Hybrid quantum-classical matrix-product state and Lanczos methods for electron-phonon systems with strong electronic correlations: Application to disordered systems coupled to Einstein phonons

This paper introduces and benchmarks two hybrid quantum-classical methods combining time-dependent Lanczos and matrix-product state approaches with the multi-trajectory Ehrenfest approximation to simulate electron-phonon systems, demonstrating that coupling strongly disordered interacting fermions to classical Einstein phonons induces delocalization and destabilizes many-body localization.

Heiko Georg Menzler, Suman Mondal, Fabian Heidrich-Meisner

Published Tue, 10 Ma
📖 4 min read🧠 Deep dive

Imagine a crowded dance floor where two types of dancers are trying to move together: Electrons (the fast, jittery dancers) and Phonons (the slow, heavy dancers who represent the vibrations of the floor itself).

In the real world, these two groups are constantly interacting. The electrons jump around, and their movement makes the floor vibrate. The floor's vibrations, in turn, push the electrons around. Physicists call this electron-phonon coupling.

The problem is that when you add disorder (like random obstacles on the dance floor) and strong interactions (where the electrons really don't like to be near each other), the math becomes impossibly complex. It's like trying to predict the path of every single dancer in a chaotic mosh pit while the floor is shaking.

This paper introduces a clever new way to simulate this chaos using a "Hybrid" approach. Here is the breakdown in simple terms:

1. The Problem: Too Many Variables

To simulate this perfectly, you would need a supercomputer the size of a planet. The electrons are quantum (fuzzy and probabilistic), and the phonons are also quantum. Tracking both simultaneously for a large system is currently impossible.

2. The Solution: The "Hybrid" Dance Floor

The authors created two new computer methods that split the work:

  • The Electrons (The Quantum Part): They are treated with extreme precision using advanced math (Lanczos and Matrix-Product States). We track exactly how they interact and repel each other.
  • The Phonons (The Classical Part): The floor vibrations are treated as "classical" objects, like heavy balls on springs. We don't track their quantum fuzziness; we just track their position and speed.

The Analogy: Imagine a video game where the main characters (electrons) are rendered in high-definition 4K with realistic physics, but the background scenery (the phonons) is rendered in simple, smooth 2D animation. It's a compromise that saves massive computing power while keeping the most important details accurate.

They use a technique called Multi-Trajectory Ehrenfest (MTE). Think of this as running the simulation thousands of times at once.

  • In one run, the floor vibrates slightly left.
  • In another, it vibrates slightly right.
  • By averaging the results of all these "what-if" scenarios, they get a reliable picture of what actually happens.

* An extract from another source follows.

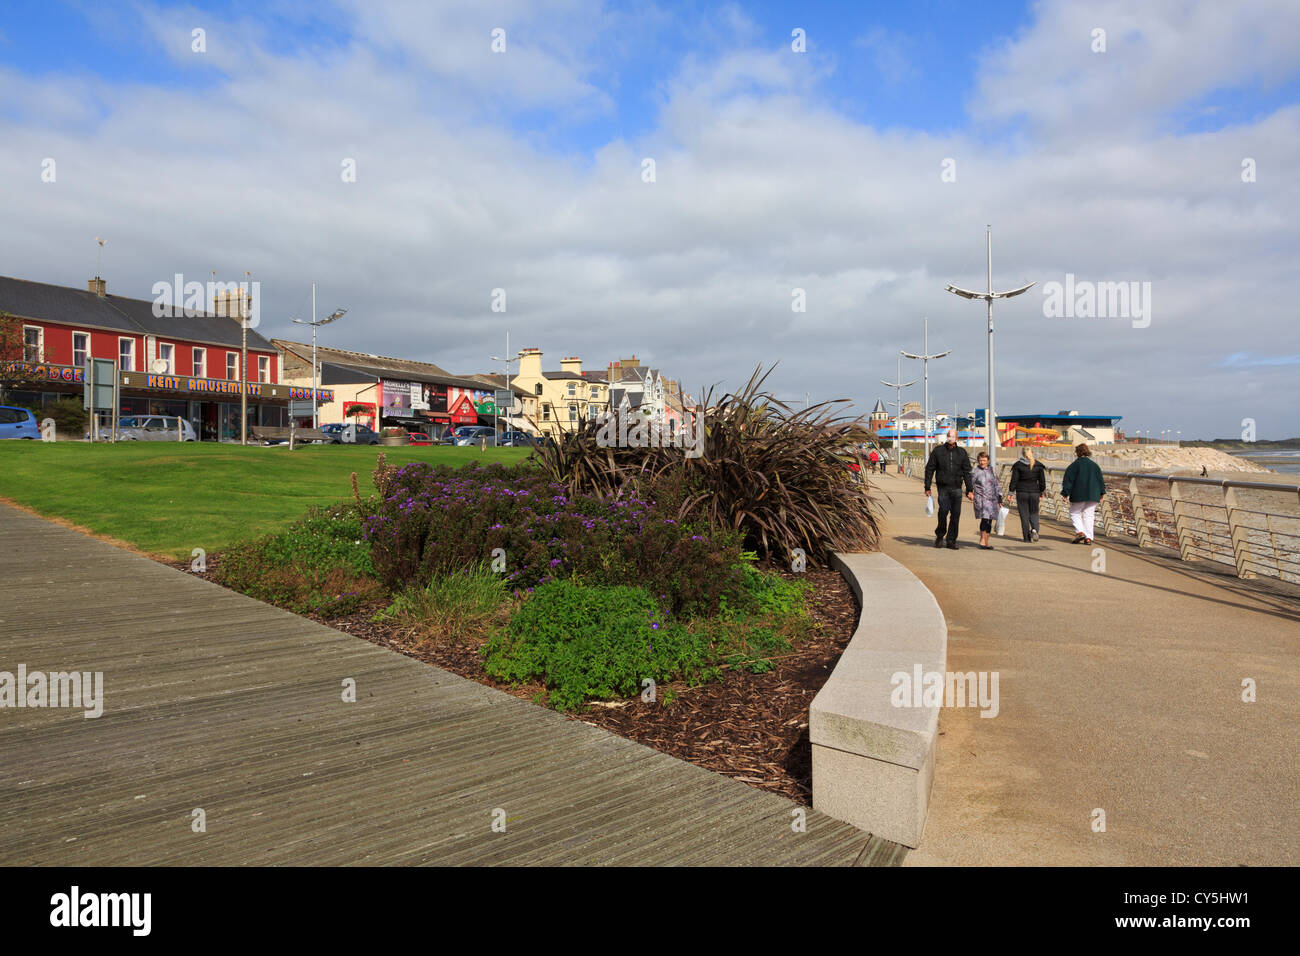 Les gens qui marchent sur la promenade du front de mer d'une station balnéaire sur la côte est à Newcastle, Co vers le bas, l'Irlande du Nord, Royaume-Uni Banque D'Images

3. The Experiment: The "Freeze" vs. The "Meltdown"

The researchers wanted to see what happens when you have a disordered system (a messy dance floor with random obstacles).

  • The Baseline (No Phonons): If the floor is perfectly still, the electrons get stuck. They hit the obstacles and can't move. In physics, this is called Anderson Localization (or Many-Body Localization if they interact). It's like the dancers are frozen in place, unable to leave their spot.
  • The Twist (Adding Phonons): When they turned on the floor vibrations (the phonons), something surprising happened. The vibrations acted like a "shaking table." Even though the obstacles were still there, the shaking helped the electrons hop over them.

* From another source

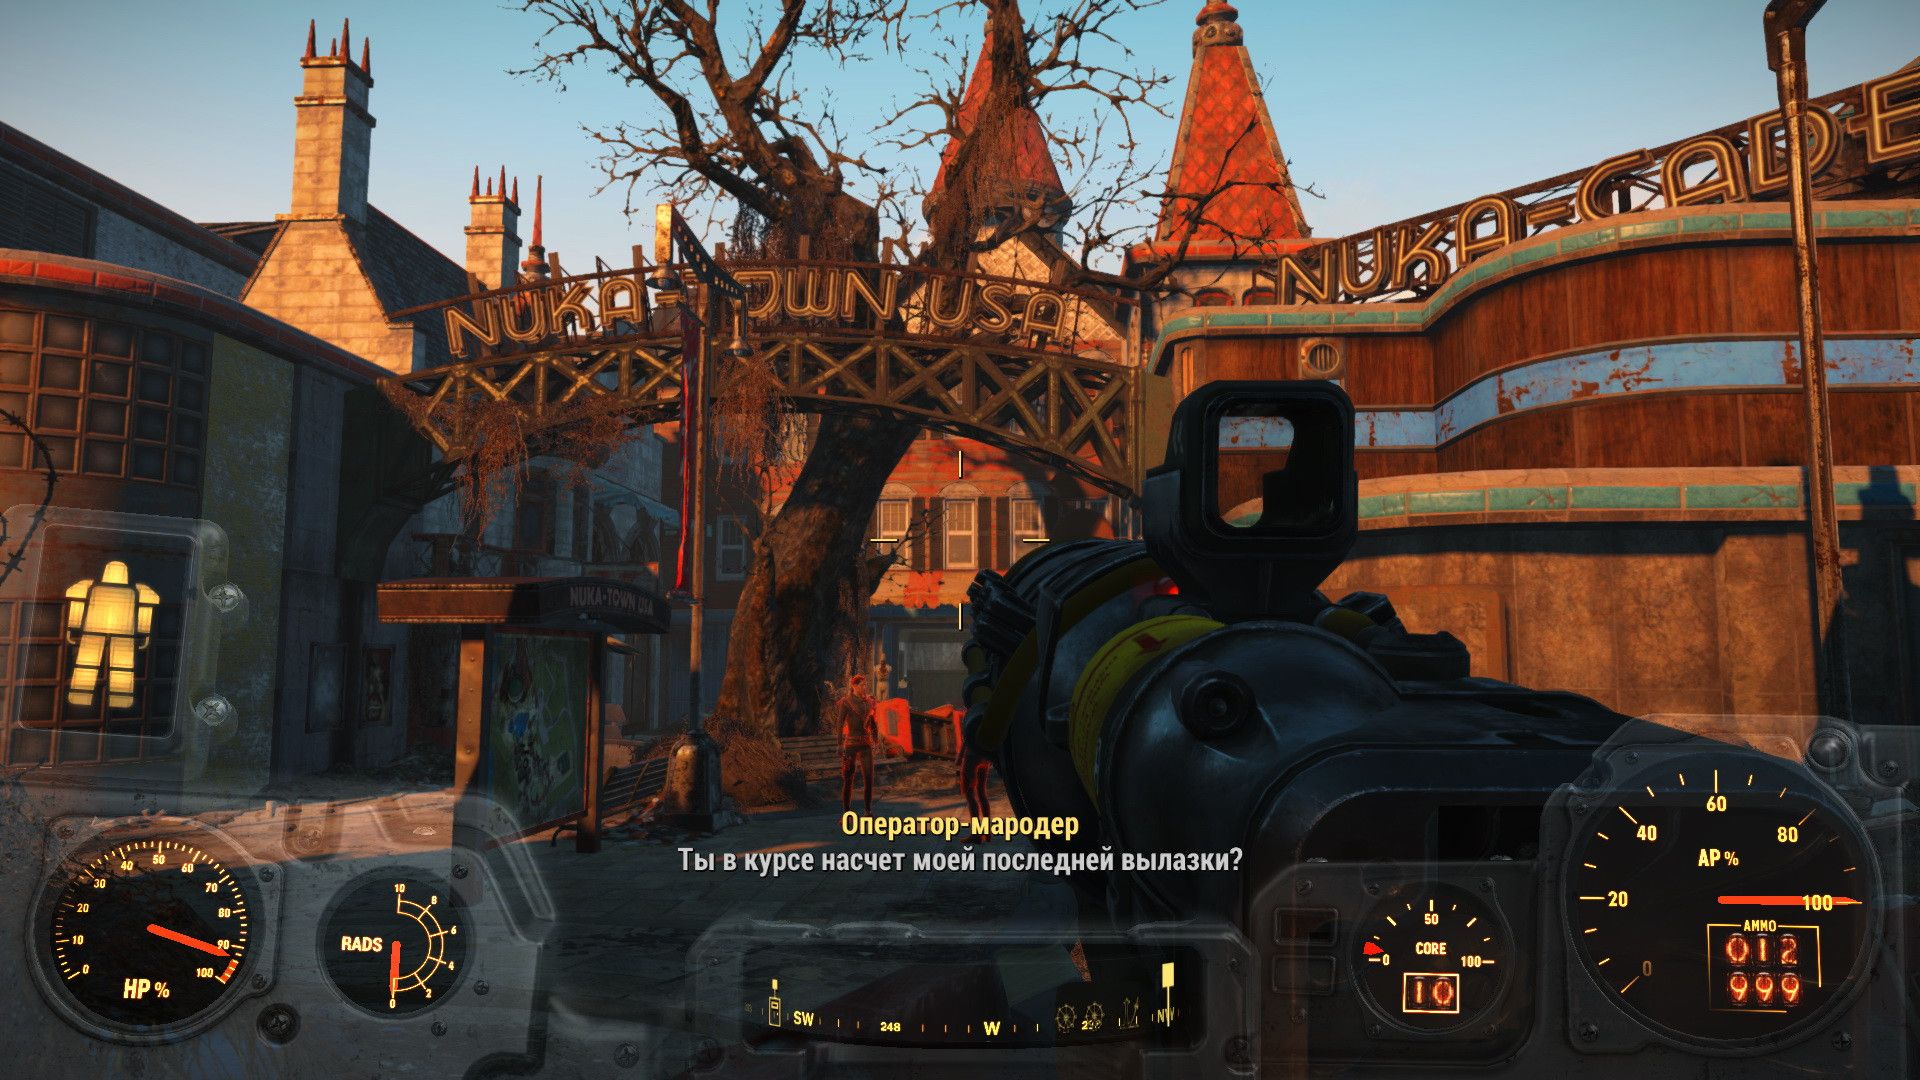 Fallout 4 nuka world концовки фото 89

The Result: The "frozen" dancers started moving again! The vibrations caused delocalization. The electrons began to spread out across the dance floor, though they moved slowly (a behavior called sub-diffusion).

4. Why This Matters

This is a big deal for understanding materials.

  • The "Bad Metal" Mystery: In some materials, electricity doesn't flow well, but it's not a perfect insulator either. This paper suggests that the interaction between electrons and the vibrating lattice (phonons) might be the reason why these materials behave strangely.
  • Stability: It shows that "Many-Body Localization" (a state where quantum systems refuse to thermalize or reach equilibrium) is actually unstable if you introduce these vibrations. The vibrations act as a "leak" that eventually lets the system relax and mix.

Summary Analogy

Imagine a room full of people (electrons) trying to walk through a hallway filled with random, heavy furniture (disorder).

  • Without vibrations: Everyone gets stuck behind the furniture. No one moves.
  • With vibrations: The floor starts shaking gently. The furniture rattles, creating tiny gaps. The people can now squeeze through, but they have to shuffle slowly and carefully. They aren't running freely, but they are no longer stuck.

The paper proves that even in a messy, crowded, and frozen system, the simple act of the environment "shaking" can wake everything up and allow movement to begin. The authors built two new "cameras" (Lanczos and TEBD methods) to film this process and confirmed that the shaking is the key to unlocking the system.